Start of DATA EXCERPTS

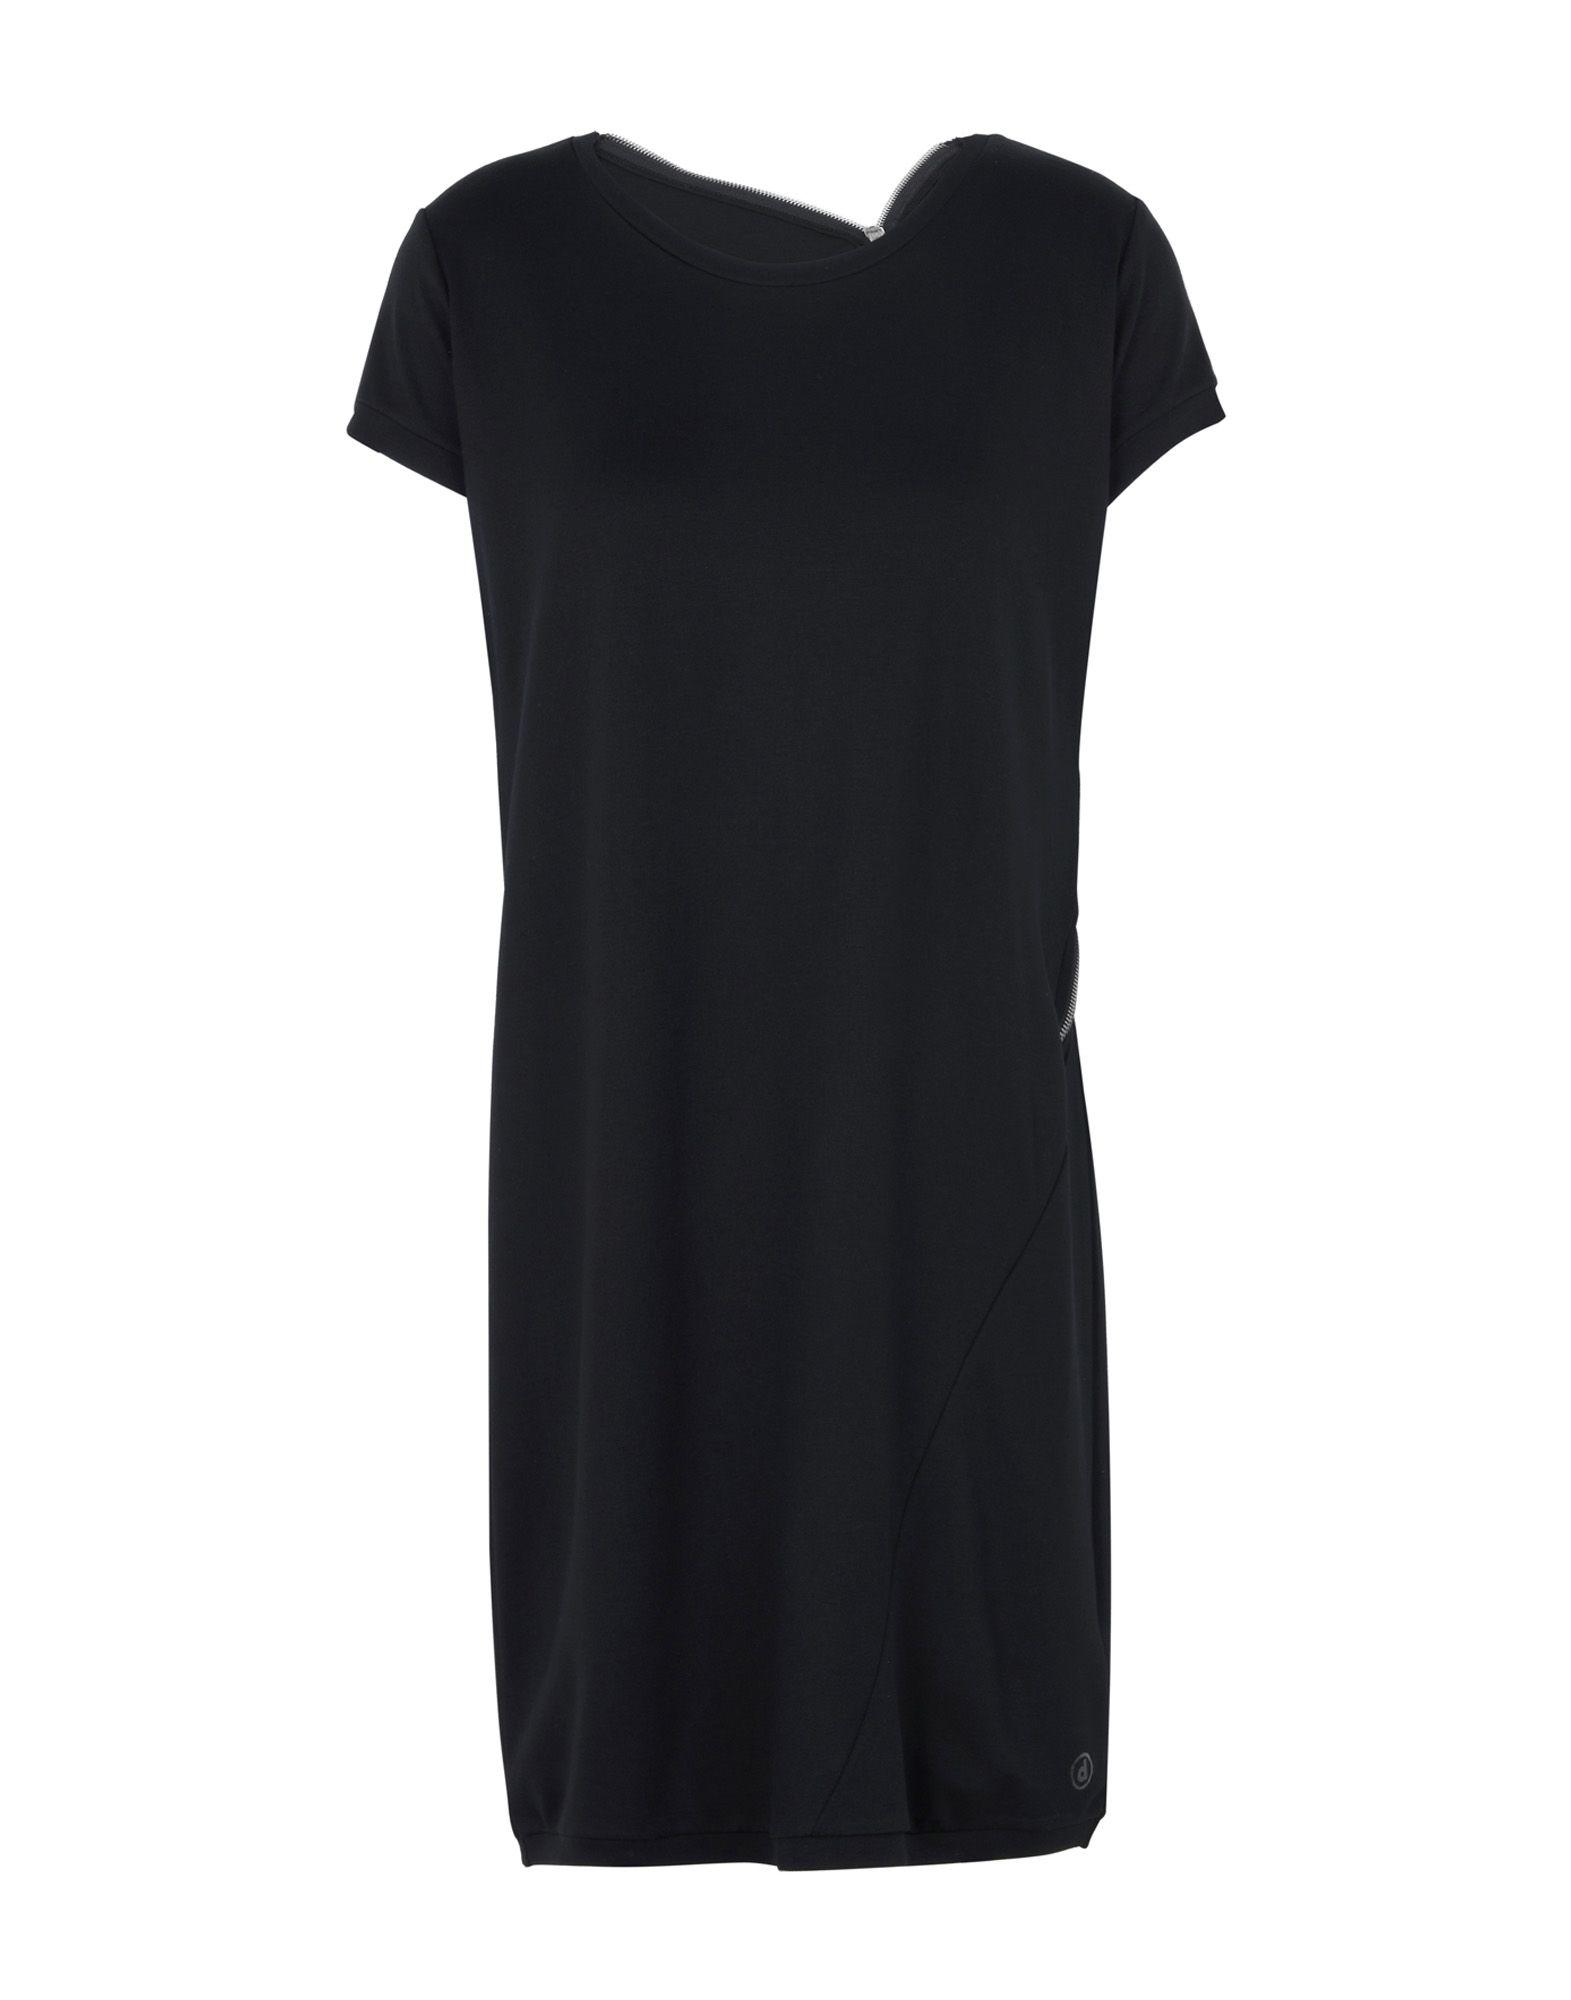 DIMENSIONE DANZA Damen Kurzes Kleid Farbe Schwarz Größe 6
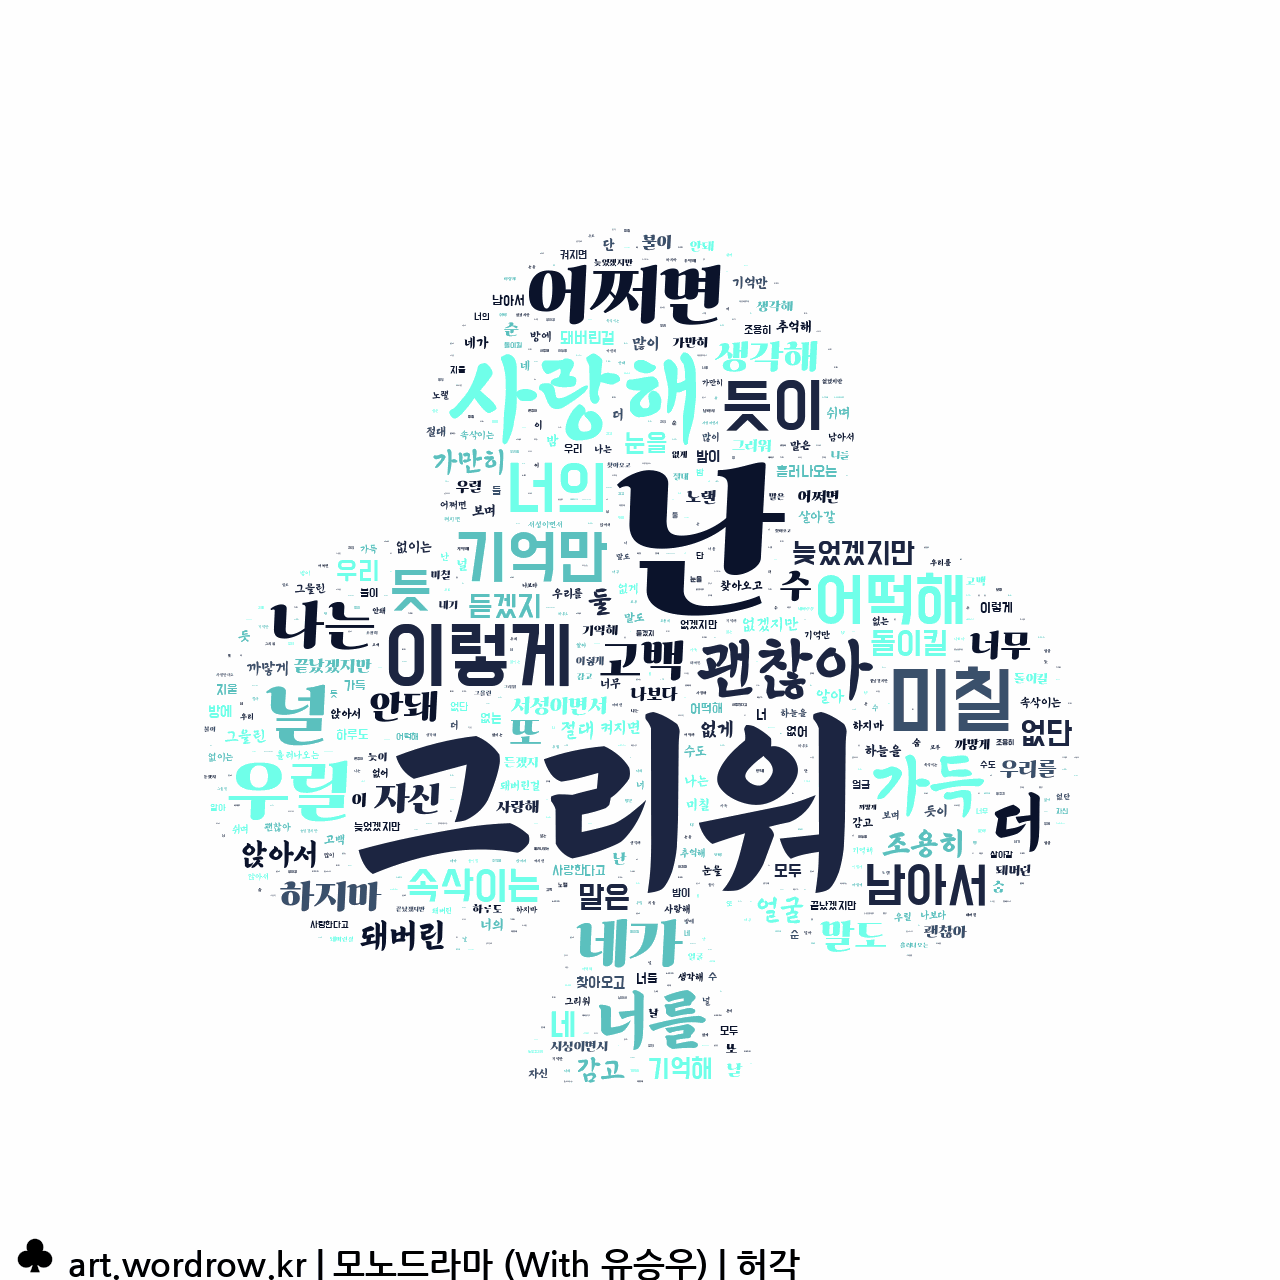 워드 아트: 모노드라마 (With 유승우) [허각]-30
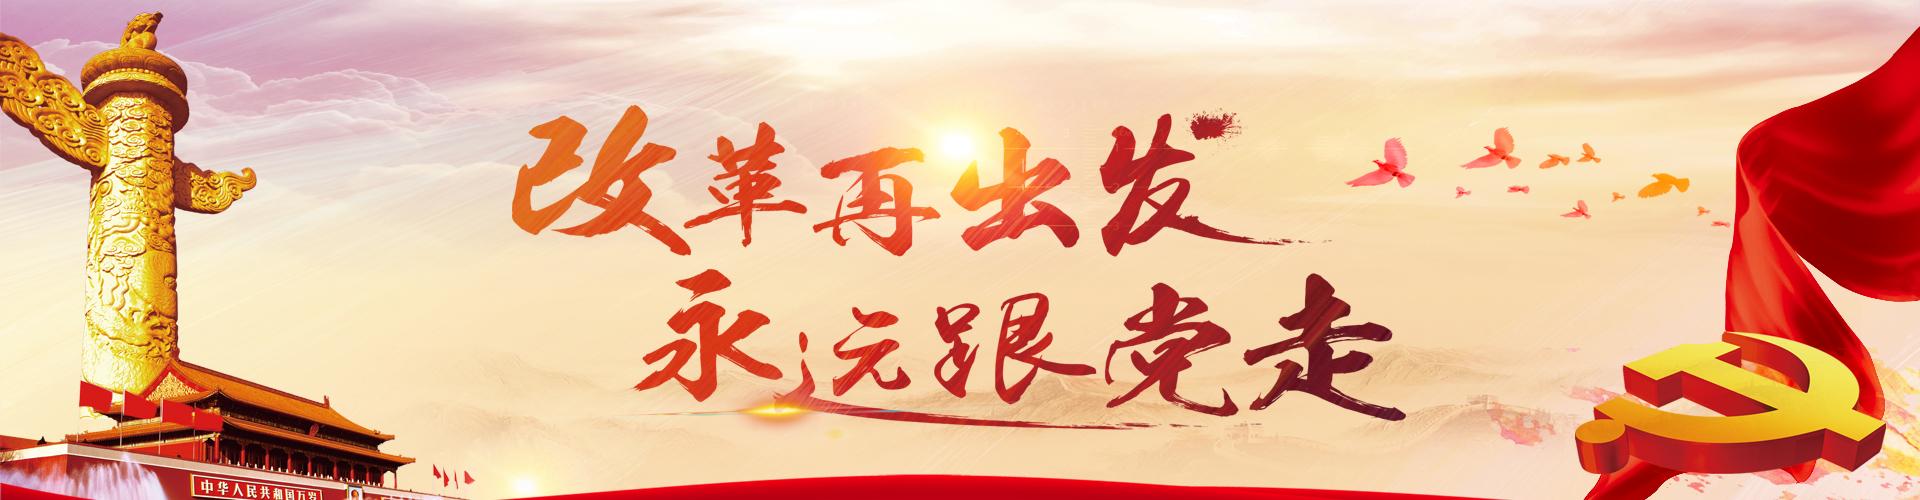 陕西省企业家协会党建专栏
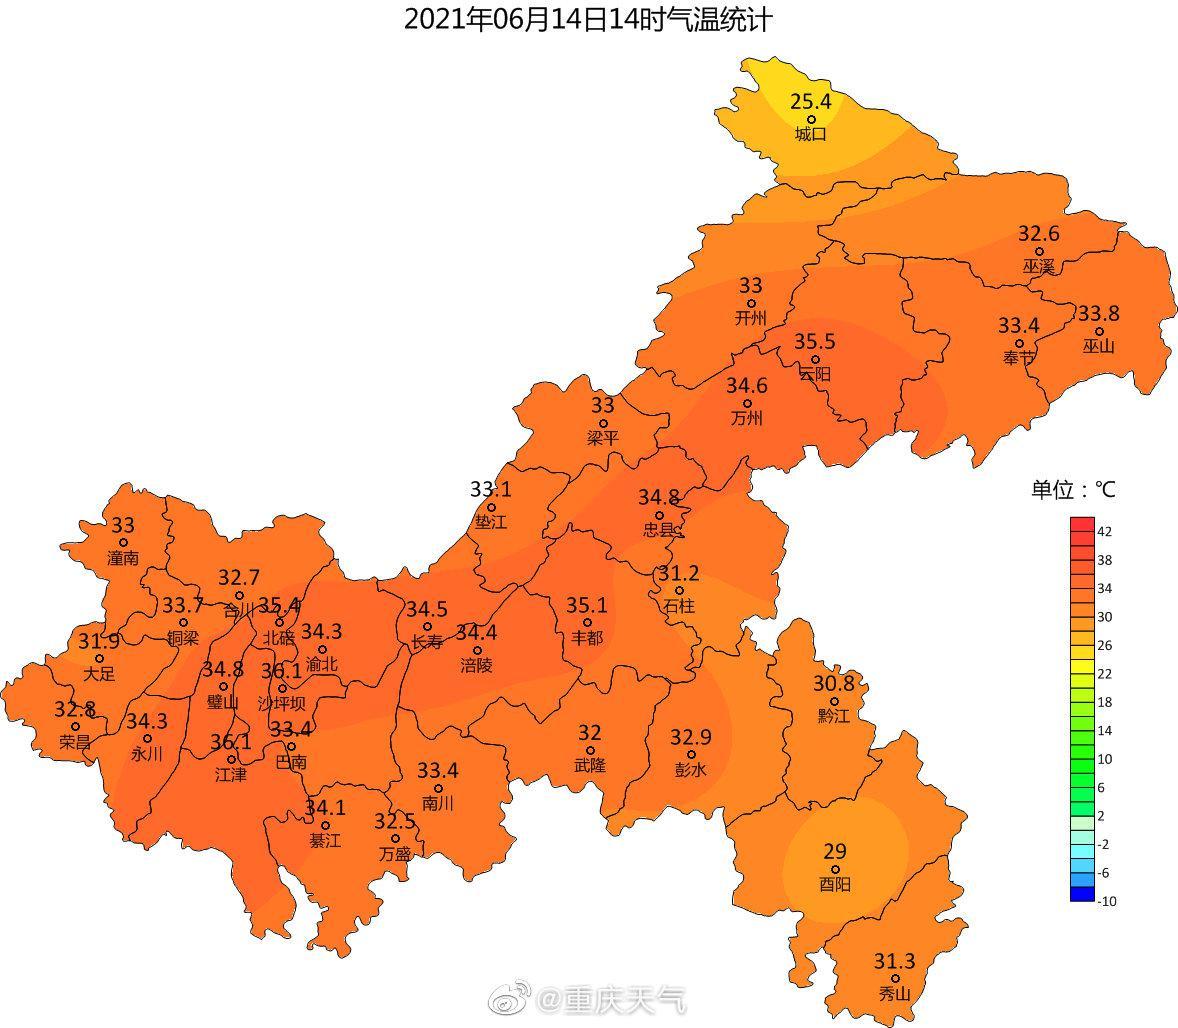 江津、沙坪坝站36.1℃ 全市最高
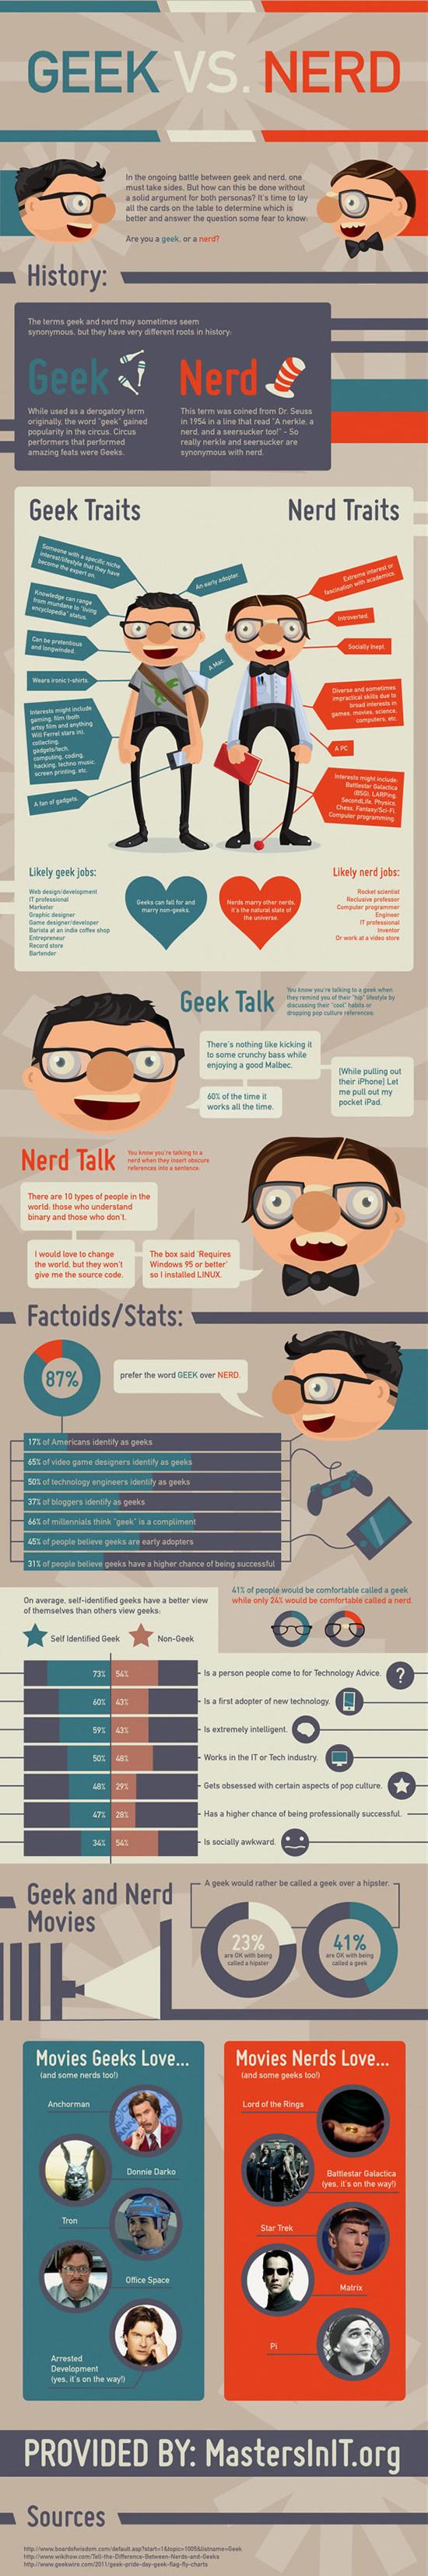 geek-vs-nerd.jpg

End of DATA EXCERPTS

[EXERCISE INSTRUCTIONS] Reproduce all entries above exactly, minus the images.

[RESPONSE TO THIS TASK]
 DIMENSIONE DANZA Damen Kurzes Kleid Farbe Schwarz Größe 6
 워드 아트: 모노드라마 (With 유승우) [허각]-30
 陕西省企业家协会党建专栏
 江津、沙坪坝站36.1℃ 全市最高
 geek-vs-nerd.jpg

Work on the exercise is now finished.